Too often on the floor of this Chamber and too often in politics, we use words such as "bravery" and "toughness" and resolve." We describe votes as "tough." We describe speeches as "brave." The men and women serving in combat know the real meaning of these words. They go about their dangerous duty with the pride of professionals. They live and work under the shadow of violence, never knowing what might be facing them around the next corner, and they do it with stoic resolve that reflects their character and their training. They do not have the luxury of picking and choosing when and where to fight. They go where their country sends them and stand shoulder to shoulder with their brothers and sisters in arms and face whatever is thrown at them. What we consider heroic, they consider doing their job.
Their sacrifices deserve and demand leadership, our leadership, collectively. We owe to it them and to every person we were elected to represent to vote on this resolution, to take a stand about how this war will proceed. It is our job. It is time to stop stalling and face our responsibility, a responsibility that pales in comparison to that which is taken every day by our troops in Iraq.
I thank the Chair.
The Presiding Officer: The Senator from Virginia.

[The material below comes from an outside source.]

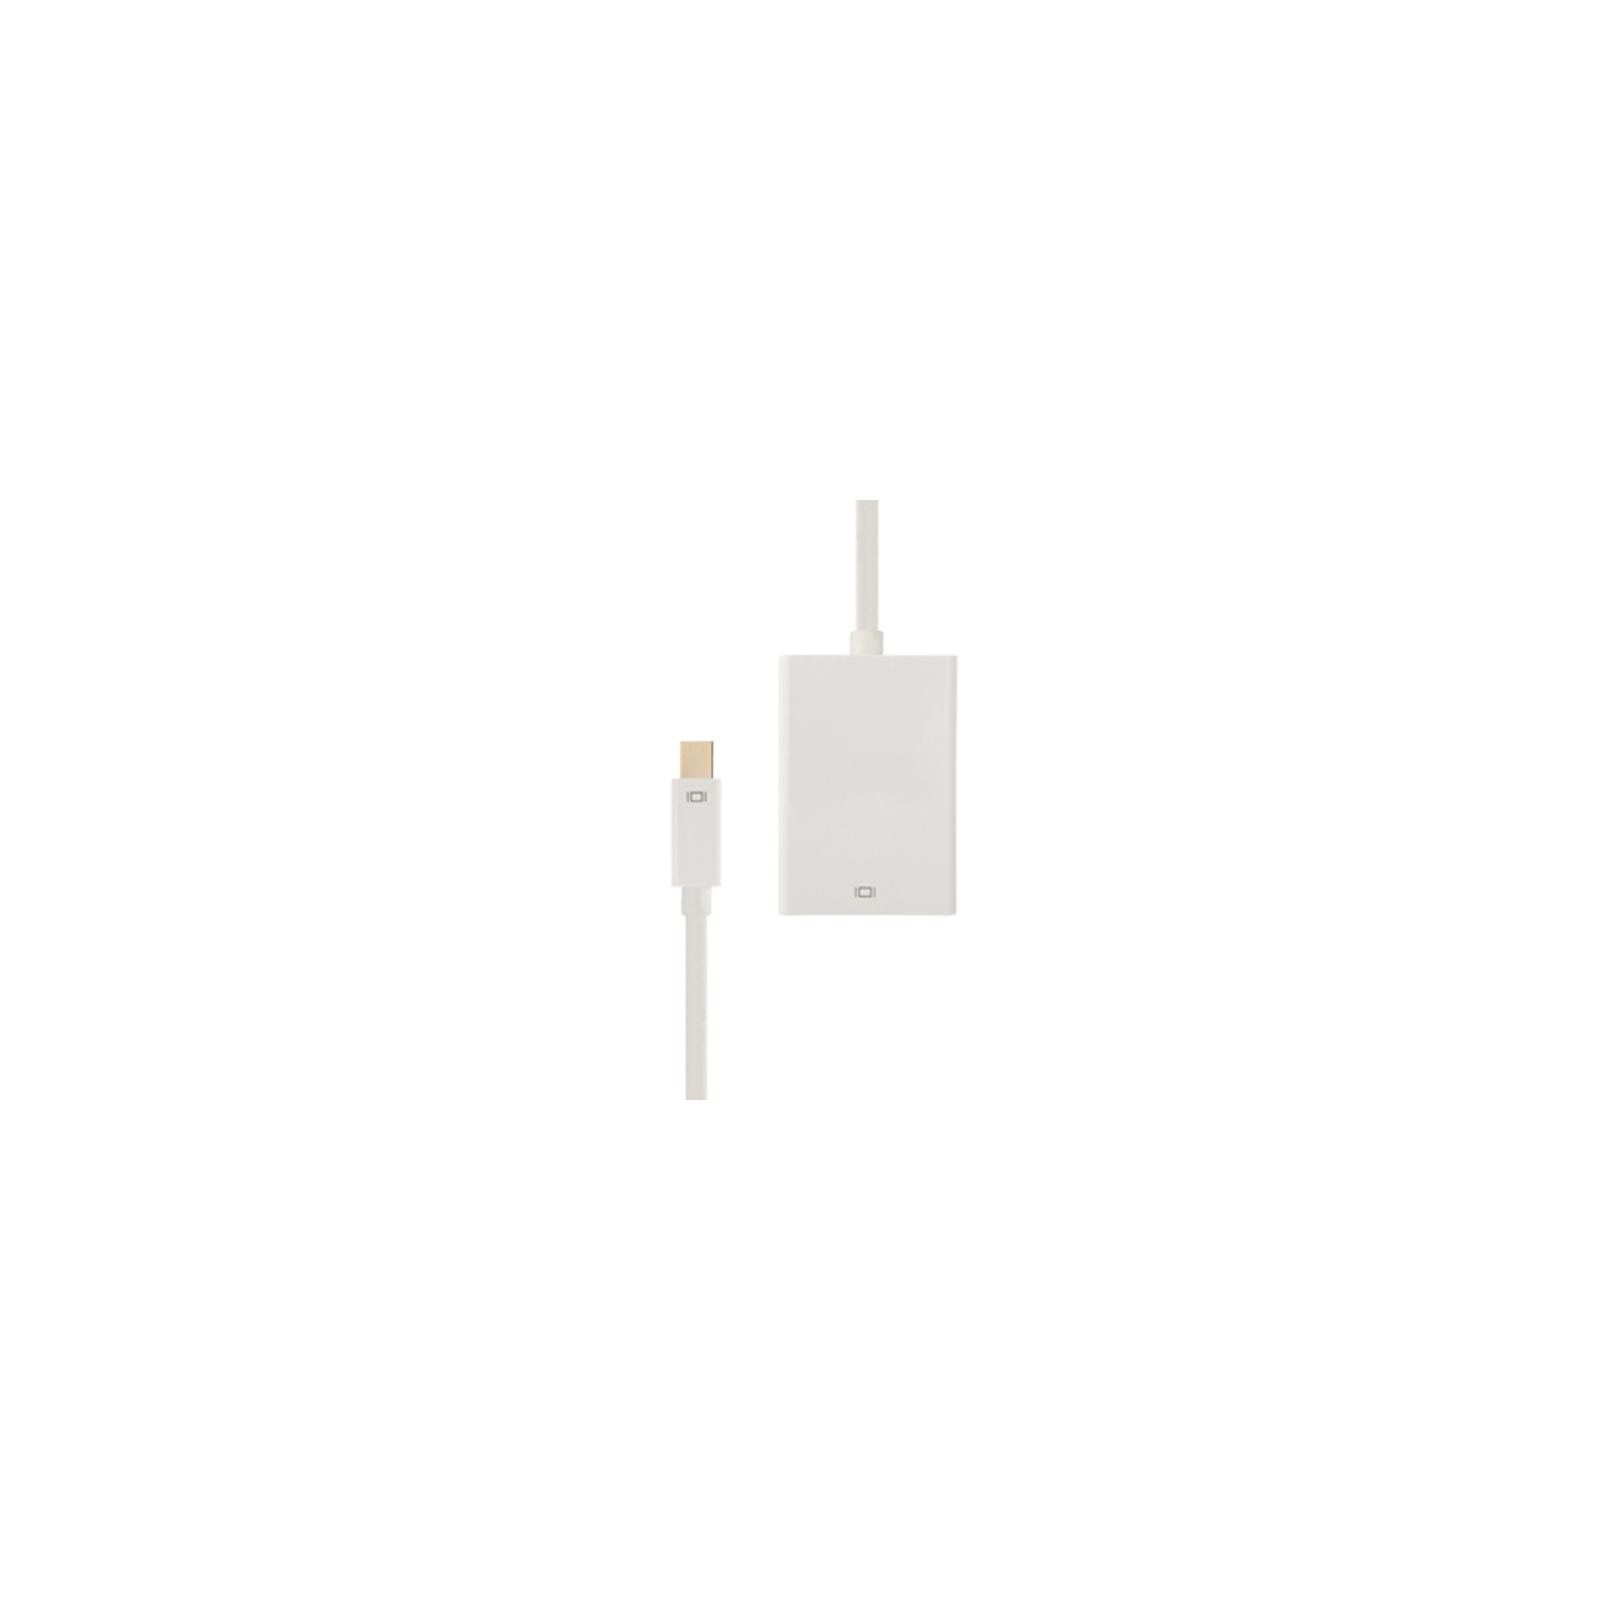 Переходник miniDisplayPort to VGA 0.15m Prolink (MP351) изображение 2

Mr. Webb: Mr. President, I ask unanimous consent to speak for up to 10 minutes.
The Presiding Officer: Without objection, it is so ordered.
Mr. Webb: Mr. President, I would like to state my support of the vote we will take tomorrow. Last week, I expressed my support for the bipartisan Levin-Warner resolution which was denied a vote by the full Senate due to procedural motions. Ten days later, we find ourselves in a similar situation.
Our colleagues in the House have spent the last 4 days debating the current course of action in Iraq, and they have completed a vote on final passage today. At the same time, the Senate has continued to engage in partisan bickering and political gamesmanship. The House found a way, it found a bill, and it took a vote. We have a bill, and we need to debate it.
At bottom, this debate is not about whether one is a Republican or Democrat; it is about the legislative branch exerting its proper constitutional oversight by deliberating on the most vital and challenging issue of our day. I would urge my colleagues to think about the vote that took place in 2002 authorizing the use of force in Iraq and about what happened afterward. This was not a party-line vote. I was not a Member of this body, and I do personally believe it was an erroneous vote, at least in its outcome, but at the same time, most importantly, we should look at the lack of respect shown by the administration after the vote. This lack of respect was a clear signal that the true issues dividing us in this Government are more related to the relations between the executive and legislative branches than between our respective parties.
The administration has failed the country again and again in the conduct of this war. At the same time, it repeatedly claims that it holds the power, regardless of the input of the Congress, to continue to push our military people to the limits of their endurance, while avoiding the diplomatic options crucial to resolving the situation in Iraq which inevitably evolved from our invasion and occupation.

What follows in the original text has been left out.